Intel Pentium Vs Linux System


System and Device Programming, 2015/2016, Politecnico
di Torino Marilisa Montemurro
Talking about memory management, there are two possible approaches to separate
logical address space and physical address space (so that the user/programmer sees it as
linear, even if it is not):

segmentation

paging

Those are two different techniques, which can be used together but, considering that
they can both provide a different linear address space to each process, in a different
way, if one is used intensively, the other one should be used less. In fact, if segmentation
can allocate different segments to each process, paging can achieve separation by
mapping the same linear address space (one for each process) on different physic
address spaces.
That's why, Linux system, which is paging-oriented, uses segmentation in a very limited
way.
Let's now move on to analyze the mentioned techniques, using as a practical example,
Intel Pentium microprocessor, a 32-bit architecture which provides the possibility to
enable only segmentation or segmentation combined to paging.

Segmentation
Segmentation has been introduced with Intel 8086 cpu and it has become a standard for
Intel microprocessors.
The basic idea is the following: the addressing space is divided into segments with
different purposes. The segments are named as follows:

code segment (cs): it stores instructions

data segment (ds): it stores data

stack segment (ss): it stores the stack

plus some other segments ( i.e. es, fs, gs) which are general purpose.
Each segment has a starting address and a size which are combined in what is called
segment descriptor. A segment descriptor is a 8-byte word which is made of different

parts, but the most important ones are a 32-bit base address, which stores the physic
starting point of the segment, and a 20-bit limit field, which instead stores the size of
the segment.
The so-called Global Descriptor Table (GDT) stores all global segment descriptors of
the system. This table, apart from the just-mentioned segment descriptors, stores also
some other useful descriptors such as a TSS (task segment state) descriptor and a
Local Descriptor Table (LDT) descriptor (which is shared by user processes by default,
even if they can require more of them). The GDT base address is stored within the gdtr
reserved register (i.e. not for user programs) (a similar register is provided for LDT, i.e.
ldtr).

How can the CPU know which segment should be accessed?

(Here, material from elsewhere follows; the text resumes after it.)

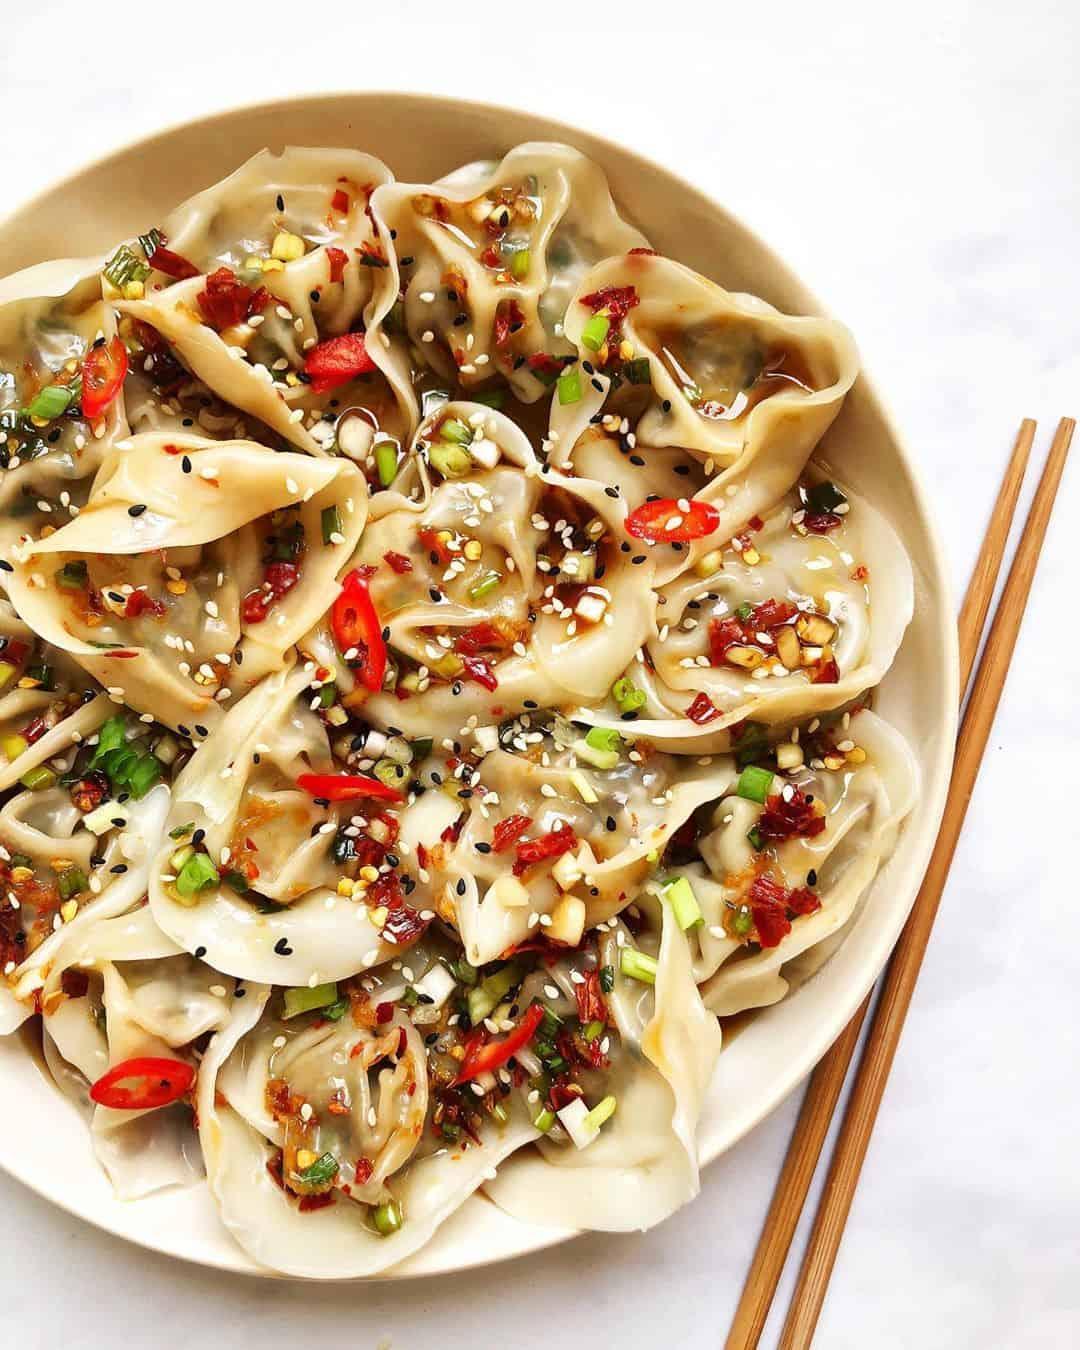 Chestnut Mushroom Dumplings with Spicy Chili Oil Sauce

The addresses produced by the CPU are called logic addresses. They are made of a 16bit segment selector and a 32-bit offset. Logic addresses are then translated into linear
addresses by the segmentation unit and passed to the paging unit which produces the
physical addresses.

The 16-bits segment selector is made of three parts:

RPL: 2 bits to indicate the requested privileged level

TI: 1 bit to indicate if the segment descriptor should be searched into the GDT or
into the LDT

INDEX: 13 bits to point to the right entry in one of the two mentioned tables.

The translation mechanism proceeds as follows:

the segment selector is stored into the segmentation register and, according to
TI field value, the right table is accessed.

The segment base address is combined with the INDEX field value an the linear
address is produced.

Finally, to avoid accessing the descriptor tables too many times, six
nonprogrammable registers are provided (one for each kind of segment) so that
the segment descriptor is stored on the motherboard and no additional memory
accesses are required.

Now that we have the linear address, we are ready to compute the physical address. If
paging is enabled, this is done by the paging unit.

Paging
Paging is a well-known mechanism that consists in dividing the logical address space into
logical pages which are mapped to portions of physical memory of the same dimension,
called frames. This mechanism allows a non-contiguos allocation of fixed size blocks in
main memory.
Paging mechanism is enabled by setting to 1 the PG flag within the cr0 reserved register.
The page mapping is managed through a hierarchy of tables.
Specifically, Pentium CPU's implement a two-levels paging.
Basically the 32-bits linear addresses are divided in this way:

directory page: 10-bits which point to a table whose entries are the base
addresses of the allocated page tables its base address is stored within cr3
reserved register;

page table: 10 bits used as an offset within the page table pointed by the
directory page;

offset: 12 bits used to move directly to the required offset within the required
page.

Summing up things we can easily understand that:

pages are 4kB large (212 = 4KB)

each page table is made of 1024 entries

1024 page tables can be created.

The reason why a multi-level paging has been adopted is quite easily understandable:
with one single page table, an addressing space of 2 32(i.e. 4GB) and 4kB pages, in order
to address the whole memory the page table should be made of 2 20 entries ( 232/212= 220),
meaning that it would have occupied 4MB in RAM (4 bytes for each entry). With a two-

levels hierarchy, instead, only necessary tables are allocated, so that memory occupation
is reduced.

The page table, apart from the frames base addresses, contains some additional
informations such as the kind of access privileges (write only, read only, execute only,
etc.) so that illegal accesses can be blocked. And also a validity bit: when it's cleared, the
corresponding page is not in main memory and it has to be retrieved from the disk. If a
process tries to access and invalid page a page fault exception is raised, the linear
address of the faulting page is stored into the cr2 register and the disk is accessed to
retrieve the missing page.
This is an overall picture of the described MMU:

Linux system
As I've anticipated, Linux uses segmentation in a limited way, because it uses paging in
an intense way.
In fact, it has only four segments: a code and a data segment for user processes and a
code and a data segment for kernel processes. Plus a Task Segment State for each
process and a LDT segment usually shared by all processes. The required descriptors are,
as usual, stored within a GDT.
As for paging, instead, Linux 32-bits systems implemented a three-levels paging up to
version 2.6.10. Starting with version 2.6.11 a four-levels paging mechanism has been
implemented.
As for the three-levels mechanism, the linear address is splitted in four parts:

global directory entry (pointed by cr3 register)

middle directory entry

page table entry

offset

With the four-levels mechanism, a level has been introduced between the global
directory and the middle directory, the upper directory.
Finally, the system, usually, keeps in memory the values of the first two entries because,
according to the locality principle (it's very likely that a process will access the same page
table that it has just accessed in the close future), the latency required to compute the
physical addresses is reduced.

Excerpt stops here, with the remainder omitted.